= Light Railway Research Society of Australia =

Australian light railway and tramway research society

Light Railways magazine and about 60 books provide the main outlets for the Society's research efforts. Back issues of the magazine are downloadable free from the Society's website.

The Light Railway Research Society of Australia (LRRSA) is an amateur research society that focuses on narrow gauge railways, tramways, and industrial railways in Australia and places where Australian economic interests were strong, such as Papua New Guinea, Fiji, and the phosphate islands of the Pacific.

The society originated in 1961 in Victoria; it subsequently established branches in Adelaide, Brisbane, Melbourne and Sydney. It aims to promote interest in special-purpose railways associated with a wide range of industries, including sugar production, timber milling, tourism, construction, manufacturing, quarrying and mining. Members' interests include industrial archaeology, social history, preservation, mapping, bush walking and photography.

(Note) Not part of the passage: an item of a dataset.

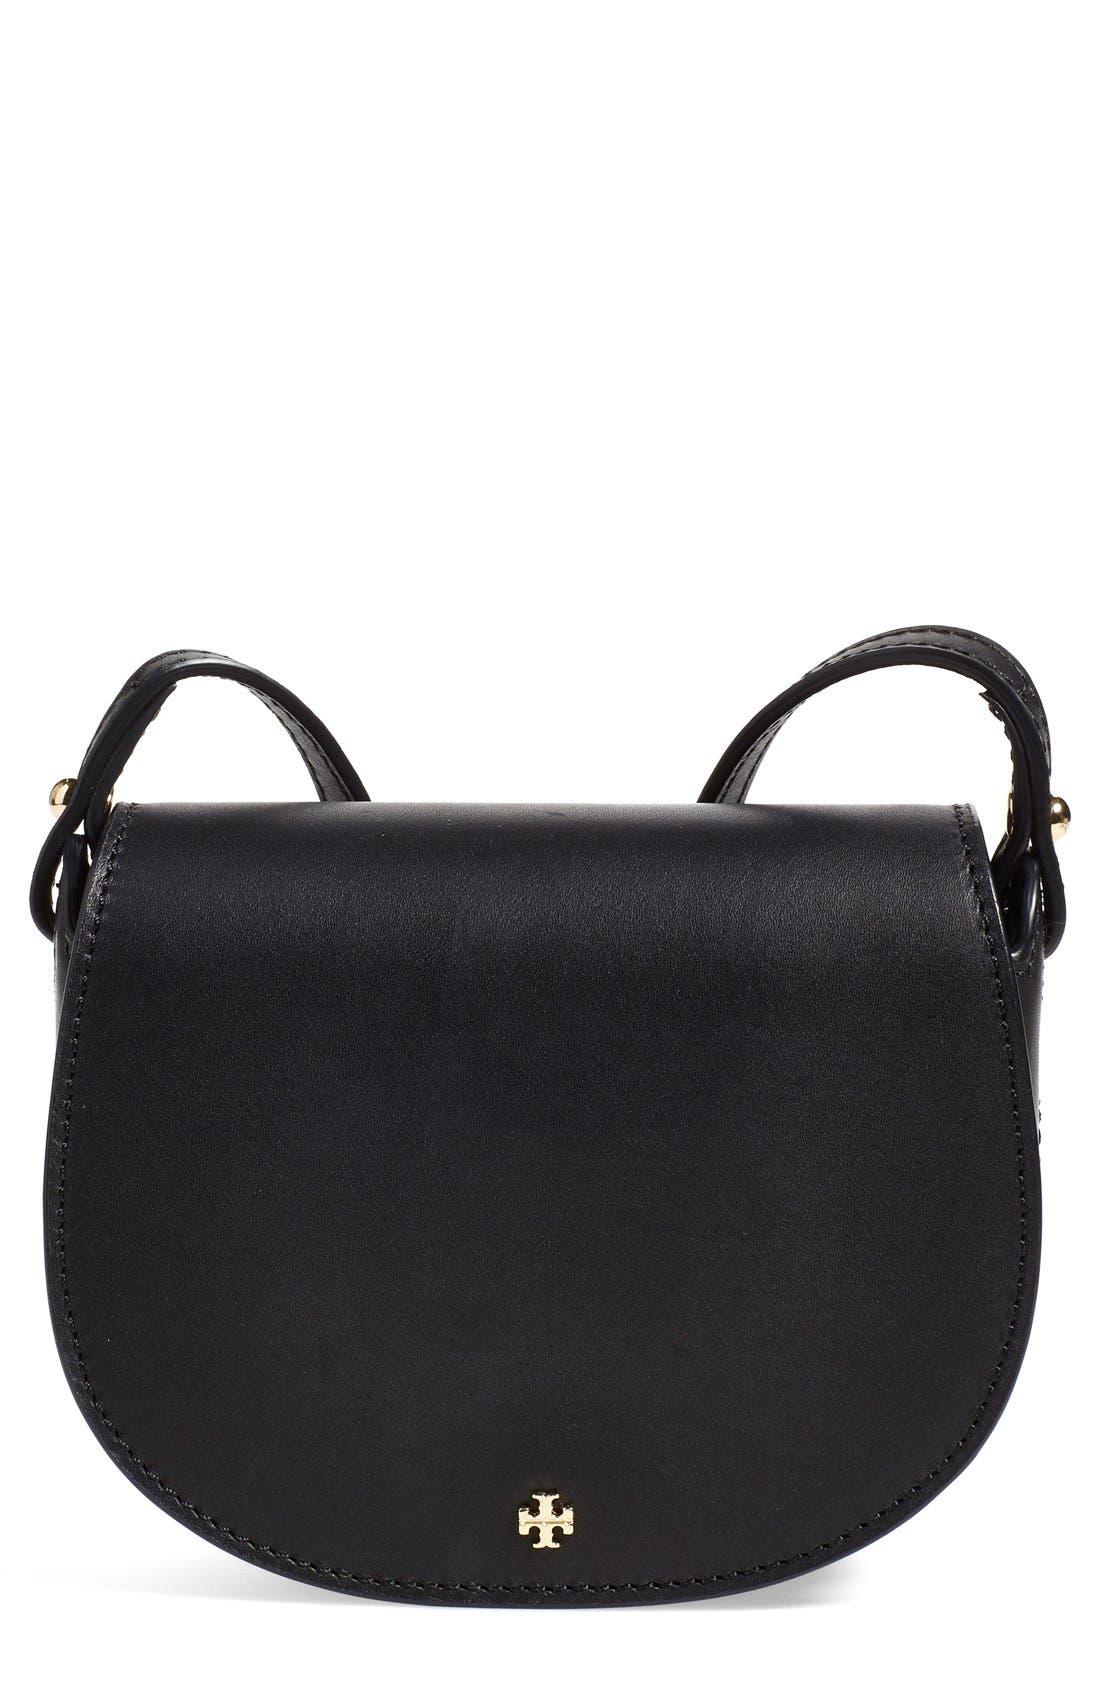 TORY BURCH, 'Mini' Leather Saddle Bag, Main thumbnail 1, color, 009

The society has been credited with some of the most thorough research and publication about light railways in Australia and worldwide. In the society's early days, members focused particularly on the industrial archaeology of timber tramways before extending to many other aspects of the sawmilling industry and to other industries that used light railways. Their early regional studies of the industrial archaeology of timber tramways, usually based on detailed field research, were significant since studies of the industrial history of Australian forests were otherwise largely non-existent. It has consequently become a leading publisher of books on sawmilling history with a range of more than 60 books.

The society publishes a magazine, Light Railways, six times per year. PDF downloads of back issues are available free of charge.